By Michele Fletcher, PSNS & IMF on the Waterfront Public Affairs PSNS & IMF

 He walked along Farragut Avenue with a spring in his step that defied age—though one could see from the laugh lines under his eyes that he’d been around the block a time or two.

“Hey, there goes a tough guy, he’s been here forever!” yelled Ed Stein, Code 740 rigger.

“What the heck do you want?” the man yelled back. “Why don’t you get to work!” Loud laughter ensued, followed by slaps on the back and a “Hey, how ya’ doing, Slye?”

Well he hasn’t quite been here forever, but at almost 82 years old, Terry Slye’s been a part of the Navy world for nearly 65 years. He is currently the oldest employee working for the Command.

Active duty U.S. Navy years

It was June 1952 when Slye first enlisted in the U. S. Navy. Over the years, he guarded the barracks and workspaces for many a Sailor. He did whatever was needed of him, wherever it was needed, with pride. He saw plenty of ports, having served on active duty during both the Korean and Vietnam wars. He spent time everywhere from Adak, Alaska to Hong Kong, China. He was a boatswain’s mate who did a little bit of everything in times of war and peace—including recovery efforts after having survived a 9.2 earthquake and tsunami that hit Kodiak Island, Alaska in 1964.
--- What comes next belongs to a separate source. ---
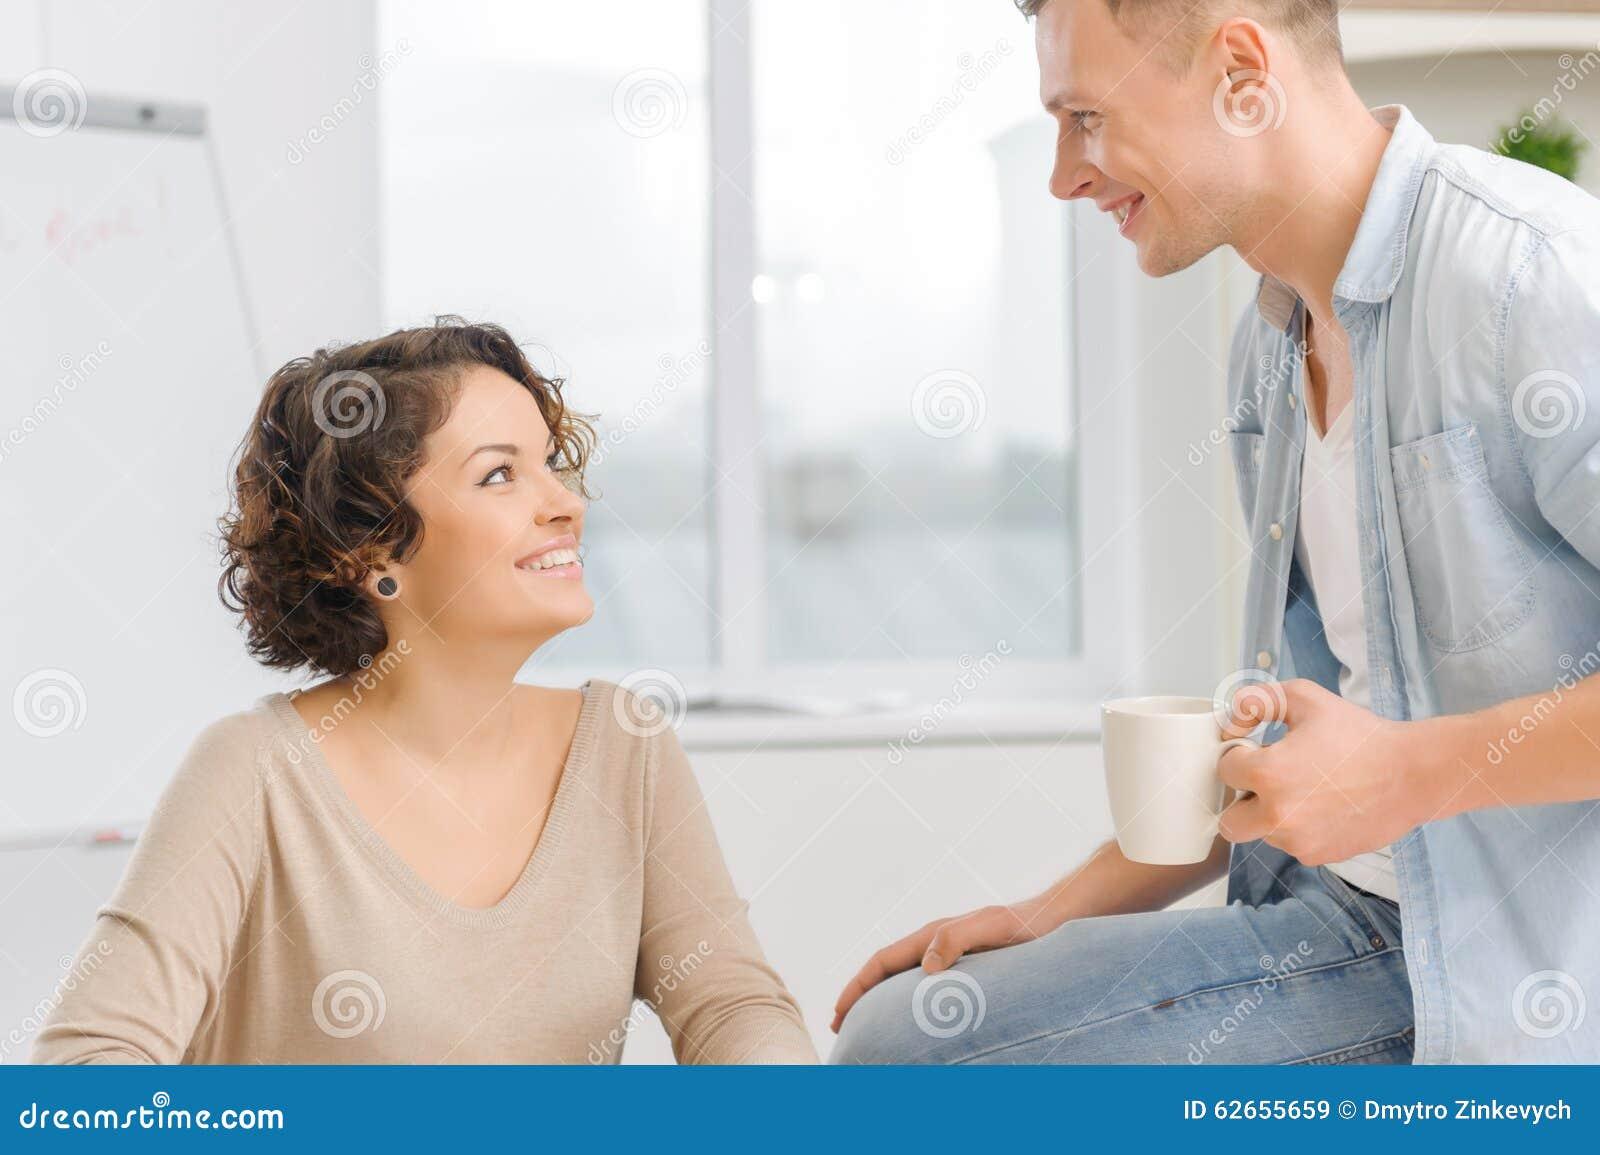 Pleasant Talk

After 20 years, his active duty time came to an end, and in 1980 Slye joined the Shipyard team. He began his career in what was then Shop 72 as a rigger helper. Before long he earned the title of rigger and remained with the shop (now known as Code 740, Rigging and Operations Division) his entire 39 years at PSNS. Slye enjoyed the variety of equipment and jobs involved in being a rigger. He was one of the first workers to run the log broncs (small boats used to push around larger vessels for dockings, moorings and other vessel moves in port) when the Command acquired them.

Carriers, subs and more

During the Cold War years, Slye worked on numerous aircraft carrier refits for the Command. Often the job took him on temporary duty to places like San Diego, Norfolk, Guam and Japan. He worked along with others getting the Navy’s retired battleships brought back in to service. Later, he worked on the conversion of USS Ohio, (SSGN 726) and USS Michigan (SSGN 727). For many years he’s worked on submarine recycling projects.

“The best things about this Command are the people,” said Slye. “I’ve worked with lots of great people here and on temporary duty to San Diego, working on the carriers—Stennis, Nimitz and Lincoln. Then I worked on subs, Ohio and Michigan. I’ve worked everywhere—on the boat, on the pier—I’ve hauled all kinds of material back and forth all over the place. I’ve had the pleasure of training many others on rigging tasks like driving a forklift or carrying around chain fall. It’s hard work, physical work. You’ve got to be careful and get along with everyone.”

“Terry’s a great inspiration,” said Billy Handy, from Shop 99, general maintenance. “We’ve moved wire and cable and things together. He always said to remember that there are good reasons to do the very best you can, to go the extra mile for the customer.”

Slye worked for Larry Marquez, Code 900 pier master, for about three years on swing shift.

“Terry would always come in early and stay late if asked,” said Marquez. “He did a lot of crane walking for me and was always ready with a story to tell about the people he served and worked with. He spent a lot of his Navy time seeing the world. His pride in his military career comes through when he talks about his life.”

Slye retires from the Command June 1, but the word “retire” doesn’t seem quite accurate.

Next adventure

“I’m not sure what all is next,” said Slye. “I’ve got some people to visit—an uncle who’s been asking me to visit—after that, I don’t know for sure, but I’ll stay busy.”

Staying busy seems to be something he’s quite familiar with, something that kept this 81-year-old coming back every day to do whatever was needed of him, wherever he was needed.